Pero la luz lo estaba esperando. Temía encontrarse con
el padre, del que consideraba que no merecía llamarse hijo - ‘he pecado contra el cielo y contra ti’
-, pero el padre lo estaba esperando. ‘Cuando
todavía estaba lejos, su padre lo vio y se conmovió, y echando a correr se le
echó al cuello y se puso a besarlo… celebremos un banquete, este hijo mío
estaba muerto y ha revivido, estaba perdido, y lo hemos encontrado’.
‘Se levantó y se puso
en camino adonde estaba su padre…’
Es el camino que nosotros hemos de hacer también. También muchas veces andamos
desorientado y nos encontramos perdidos. Somos pecadores que de una forma o de
otra nos hemos marchado de la casa del Padre. Se nos ha enfriado la fe o hemos
dejado que el mal se hubiera metido en nuestro corazón. Pensábamos solo en
nosotros mismos y queríamos hacer nuestros caminos sin contar con los caminos
que Dios nos había señalado y trazado. Pretendemos tantas veces enmendar a Dios
porque no queremos aceptar sus mandamientos como auténtico camino que nos lleva
a la felicidad y a la plenitud y quisimos hacernos la vida a nuestra manera. Como
aquel hijo que se marchó, que‘emigró a un
país lejano y derrochó su fortuna viviendo perdidamente’, como decía la
parábola.
Pero aquel hijo pródigo fue capaz de levantarse y ganó
el amor del padre. El padre para quien lo importante no era la fortuna
derrochada ni las cosas que se hubieran perdido, sino la persona, su hijo que
estaba allí de vuelta. Sin embargo, allí estaba también el otro hijo, que
parecía bueno y cumplidor, pero cuyo corazón sin embargo estaba maleado por el
orgullo, la envidia, el mal querer y no quería aceptar a su hermano. Ni
siquiera lo quiere considerar como un hermano. ‘Ese hijo tuyo…’ le dice a su padre, como si no fuera el padre de
los ambos y los dos fueran hermanos. También estaba creando él una distancia
con su padre aunque no se había marchado de casa, pero ahora no quería entrar a la fiesta para recibir al
hermano. No sé cual distancia sería mayor.

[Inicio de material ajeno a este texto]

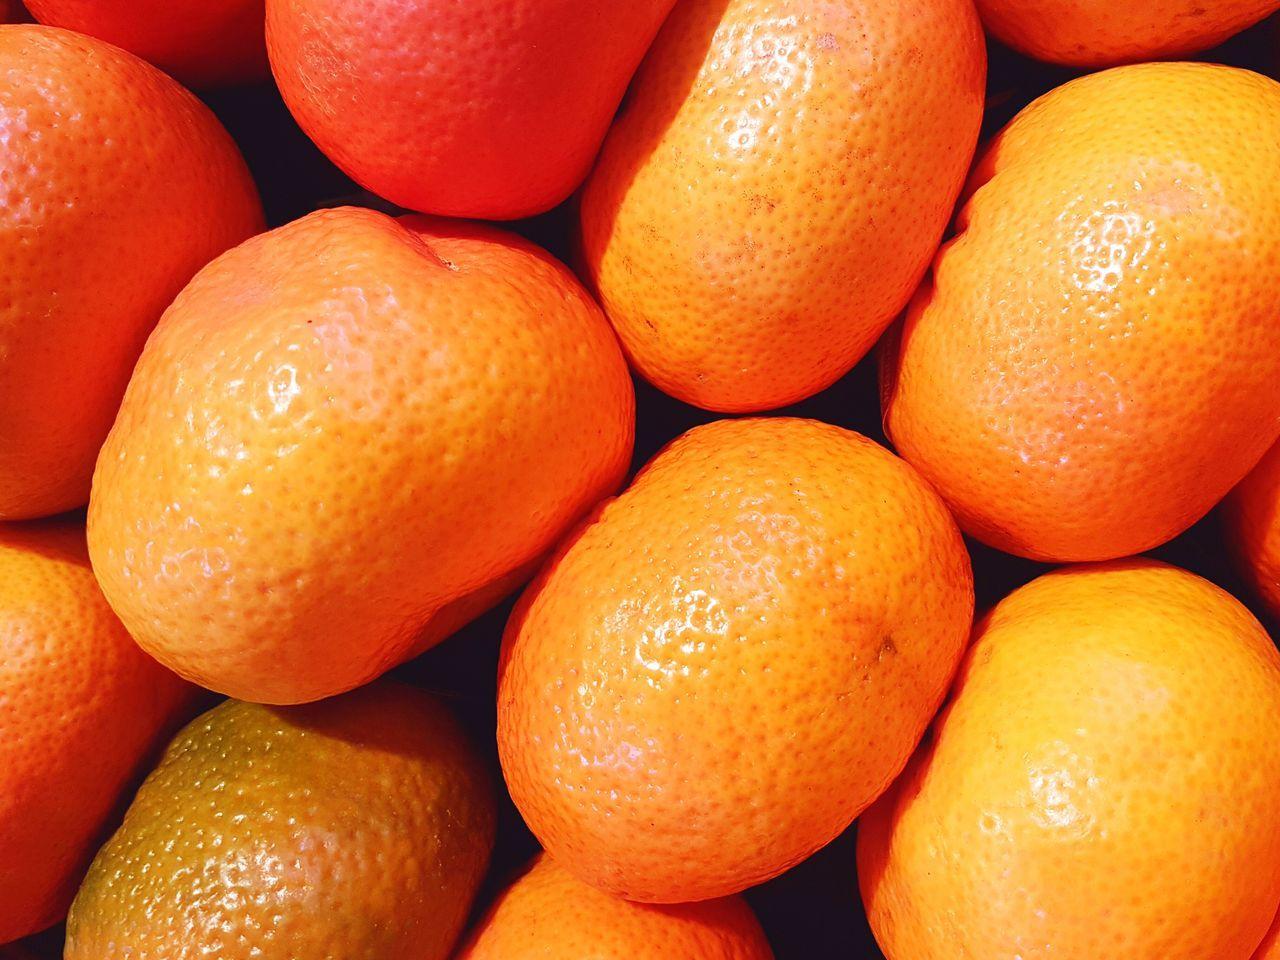 Fruit Freshness Healthy Eating Orange - Fruit Indoors  Full Frame Food Food And Drink Citrus Fruit Backgrounds Day Hot Eyupsultandemir EyeEm Best Shots Mandarins Smoothie No People Close-up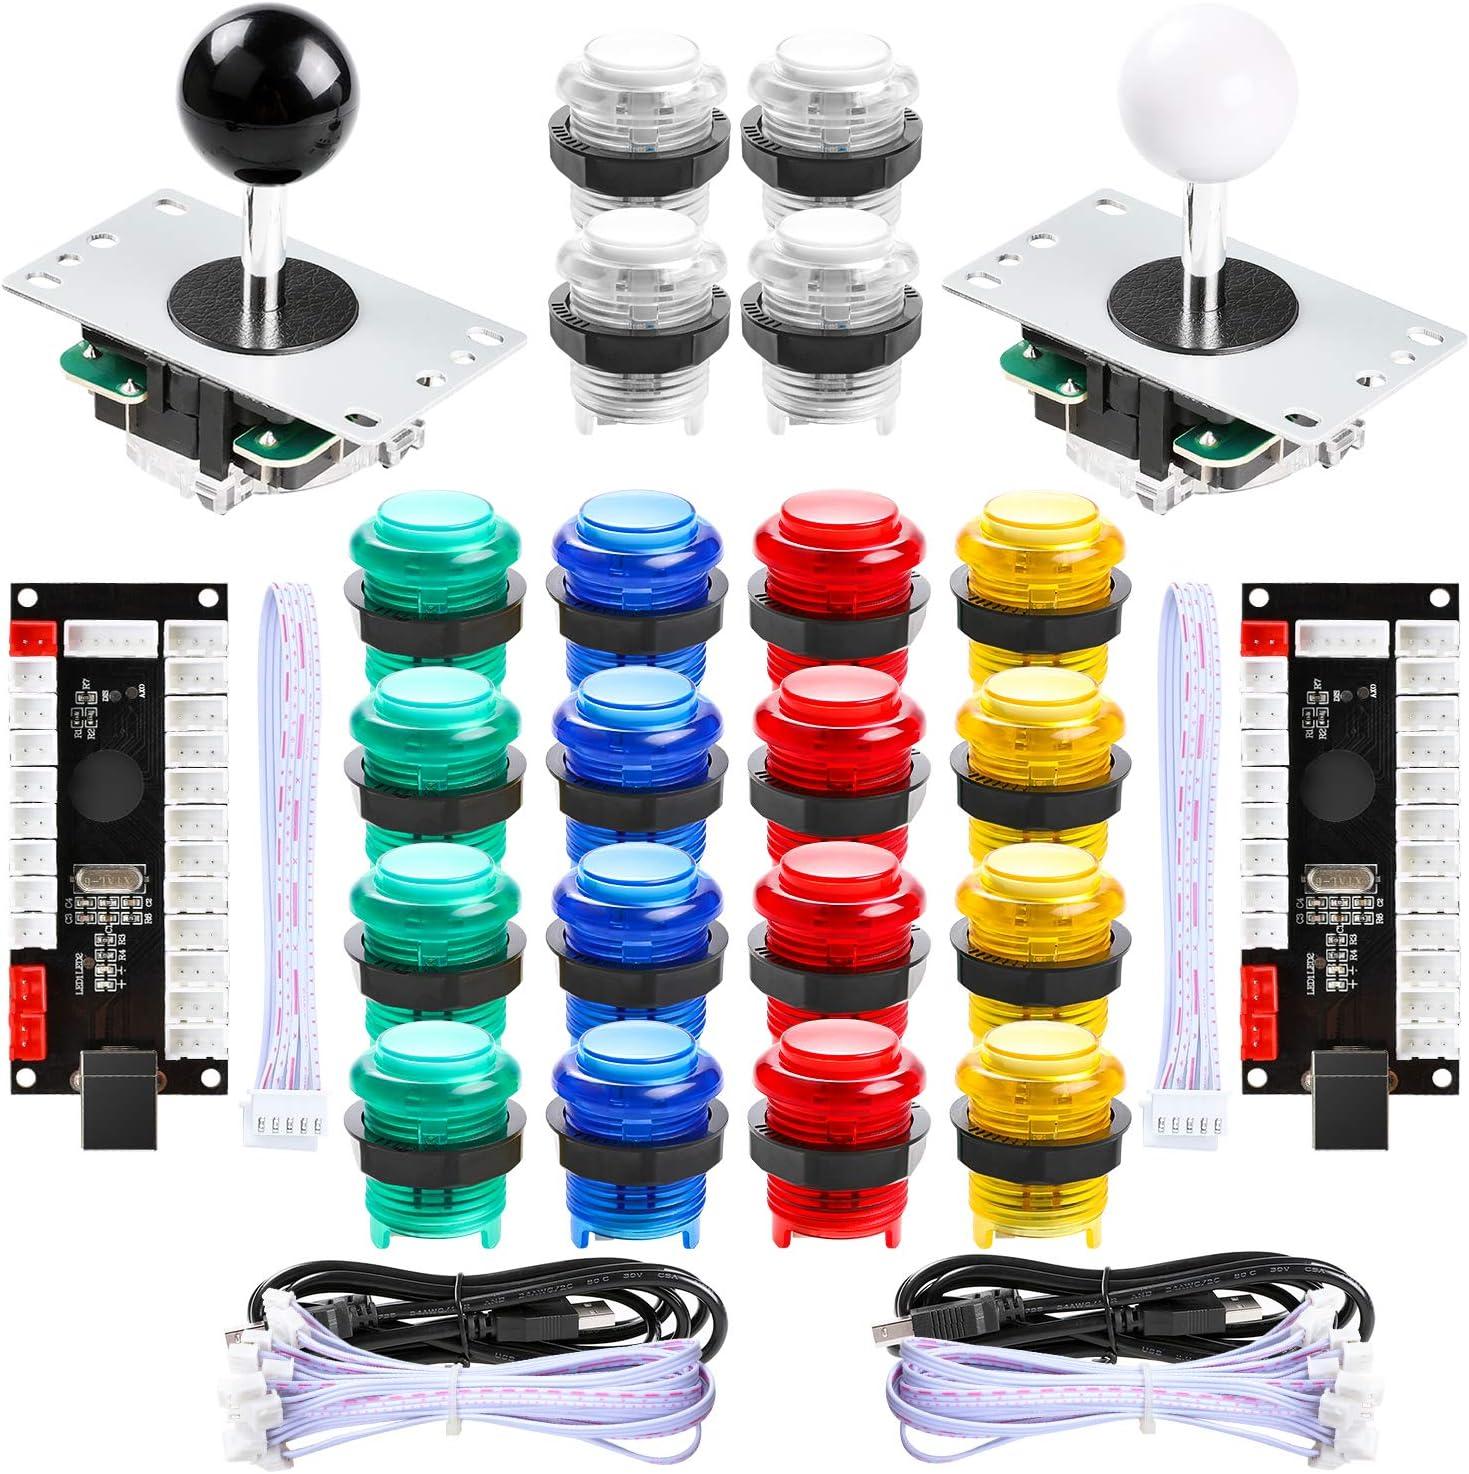 10Pcs Arcade Games DIY Kit Parts Including 1P /& 2P Start Player Buttons DIY Kit for Arcade Game

Si los fariseos y escribas murmuraban de Jesús porque
comía con publicanos y pecadores, este hijo mayor de la parábola está haciendo
de manera semejante porque no quiere encontrarse con su hermano al que considera
poco menos que un maldito. No era capaz de alegrarse con su padre ni aceptar la
misericordia y compasión que se desbordaba del corazón del padre. Había estado
siempre junto a su padre pero da la impresión que nunca estuvo cerca porque su
corazón estaba cerrado a la misericordia y a la compasión que derrochaba el
amor del padre.
La reflexión se puede hacer larga porque son muchas las
cosas que podríamos comentar y muchas las lecciones que podríamos sacar para
nuestra vida. Tenemos que aprender lo que es el amor y la misericordia de Dios
que es Padre bueno que nos ama y nos está ofreciendo el abrazo de su amor y su
perdón, pero al mismo tiempo hemos de aprender a llenar también nuestro corazón
de ese mismo amor y misericordia. De la misma manera tenemos que gozarnos
cuando contemplamos a nuestro lado a otras personas que viven también esa paz
nueva al sentirse amados de Dios y al sentirse perdonados; esto tiene que ser
siempre un motivo de alegría para nosotros.
Cuando llegamos a gustar lo que es el amor que Dios nos
tiene nos hemos de sentir contagiados de ese amor para vivir nosotros un amor
igual. Ese amor y esa misericordia tienen que ser las actitudes y los valores
más importantes que vivamos los que llevemos el nombre de cristianos.
Misericordia y amor que hemos de expresar de mil maneras cada día con los que
están a nuestro lado. Como hemos dicho en más de una ocasión así nos
pareceremos más a Dios y así estaremos mostrando a cuantos nos rodean el rostro
misericordioso de Dios.
Decíamos al principio de nuestra reflexión que nos apresurábamos
a celebrar con fe viva las próximas fiestas pascuales; cuando ahora vamos
sintiendo todo lo que es el amor y la misericordia que Dios tiene con nosotros,
tiene también con tantos a nuestro lado estamos ya viviendo anticipadamente esa
alegría de la pascua, porque estamos sintiendo que se va haciendo pascua en
nosotros. Es lo que queremos vivir en cada Eucaristía cuando escuchamos la
palabra del Señor, cuando nos alimentamos del Cuerpo y Sangre de Cristo
entregado por nosotros, cuando vivimos en comunión honda y profunda con
nuestros hermanos que caminan a nuestro lado.